3. Work the bristles Dip just the bristles in and massage them gently with your fingers to lift out residue. No need to rush this bit.
4. Rinse properly Rinse under warm running water until it runs completely clear — no shampoo left sitting in the base of the bristles.
5. Dry it right Lay the brush bristle-side down on a towel and let it air dry. Skip the heat, skip standing it upright — slow drying protects both the bristles and the handle.
The Bottom Line
A clean brush is a small habit that quietly supports everything else — happier scalp, better product performance, hair that holds up longer between washes. It’s not a ritual, it’s basic maintenance. Two minutes, once a week. Worth it.
A Few More Things Worth Knowing
Match the wash to the brush. A boar bristle brush hates a long soak — it strips the natural oils that make it worth owning in the first place. Wipe it down and clean just the tips instead. Plastic or nylon bristles can handle a proper soak, no issue.
Skip anything with sulphates or synthetic fragrance. Whatever you’re rinsing your brush with ends up back on your scalp too.
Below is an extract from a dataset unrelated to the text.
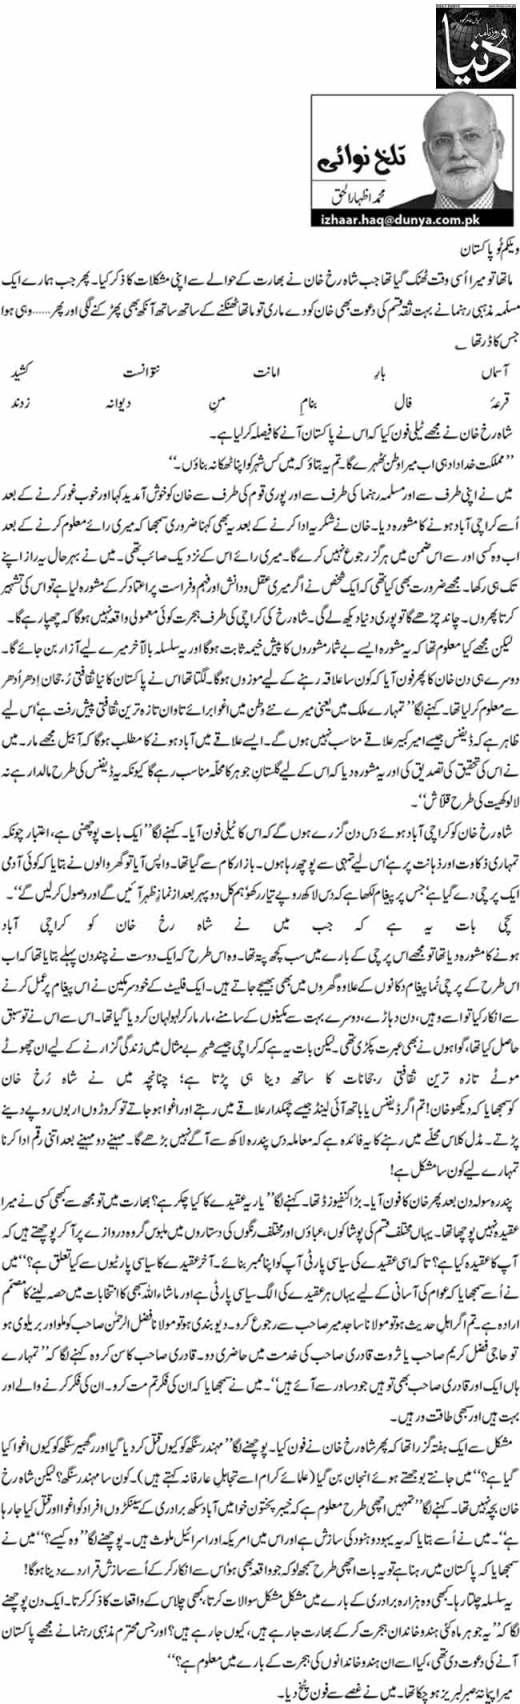 Welcome to Pakistan - M. Izhar ul Haq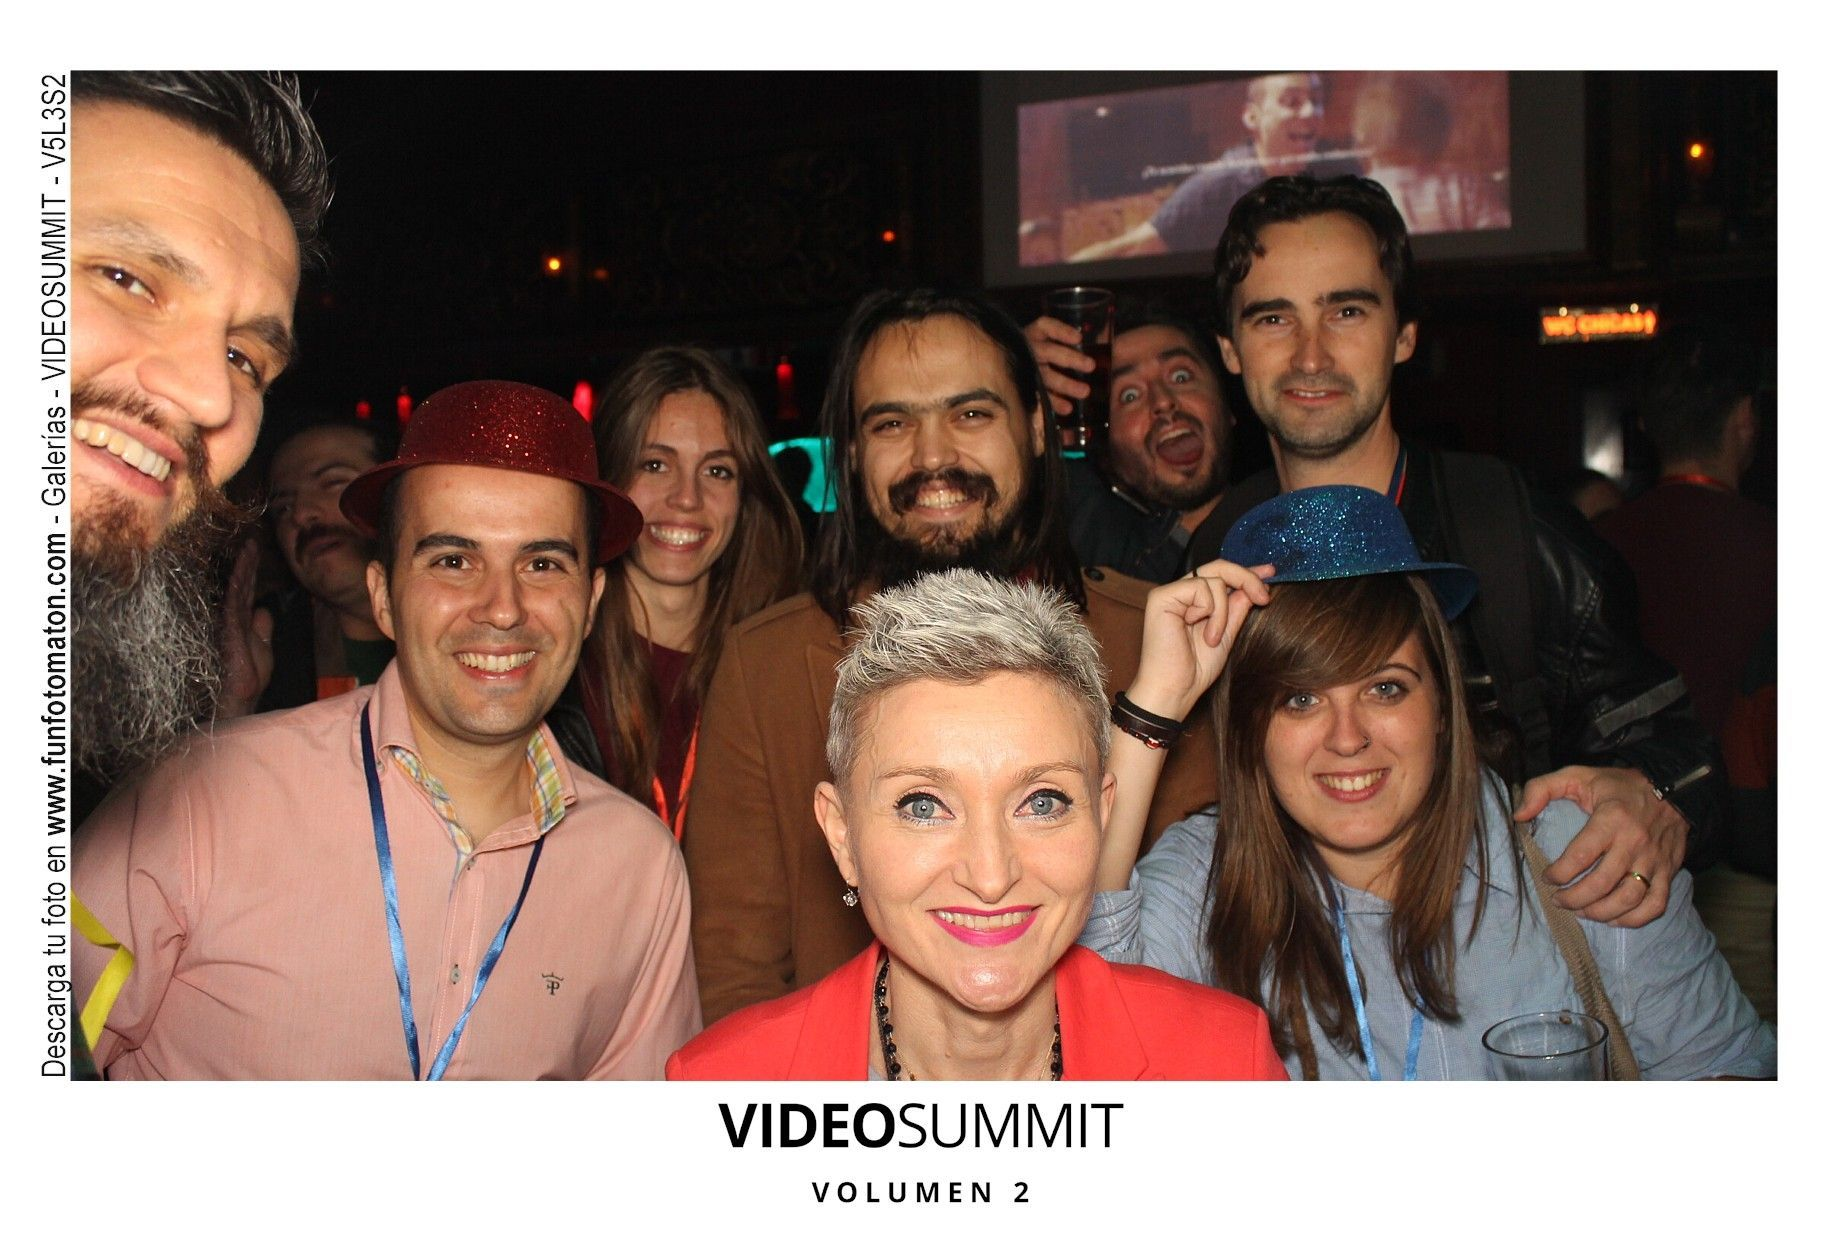 videosummit-vol2-club-party-023

A gentle, sulphate-free shampoo does the job without adding to the residue you’re trying to remove in the first place.
One brush, one job. Using the same brush wet and dry, on product-heavy hair and clean hair, speeds up buildup. If you can, keep a separate brush for detangling wet hair straight out of the shower.
Know when to let it go. Bent bristles, a cracked base, a cushion that’s lost its bounce — no amount of cleaning fixes a brush that’s past it. Replace it rather than keep nursing it along.
Clean it before you colour. Got a balayage or colour appointment coming up? Clean your brush the day before. If it’s full of old product and oil, that buildup transfers straight into your hair the moment you brush it out post-appointment — which can affect how your colour settles.
Combs need this too. Same rules apply to combs — rake, soak, rinse, dry flat. Wide-tooth combs used on wet hair build up conditioner residue fast, so don’t let them off the hook just because they’re not technically a “brush.”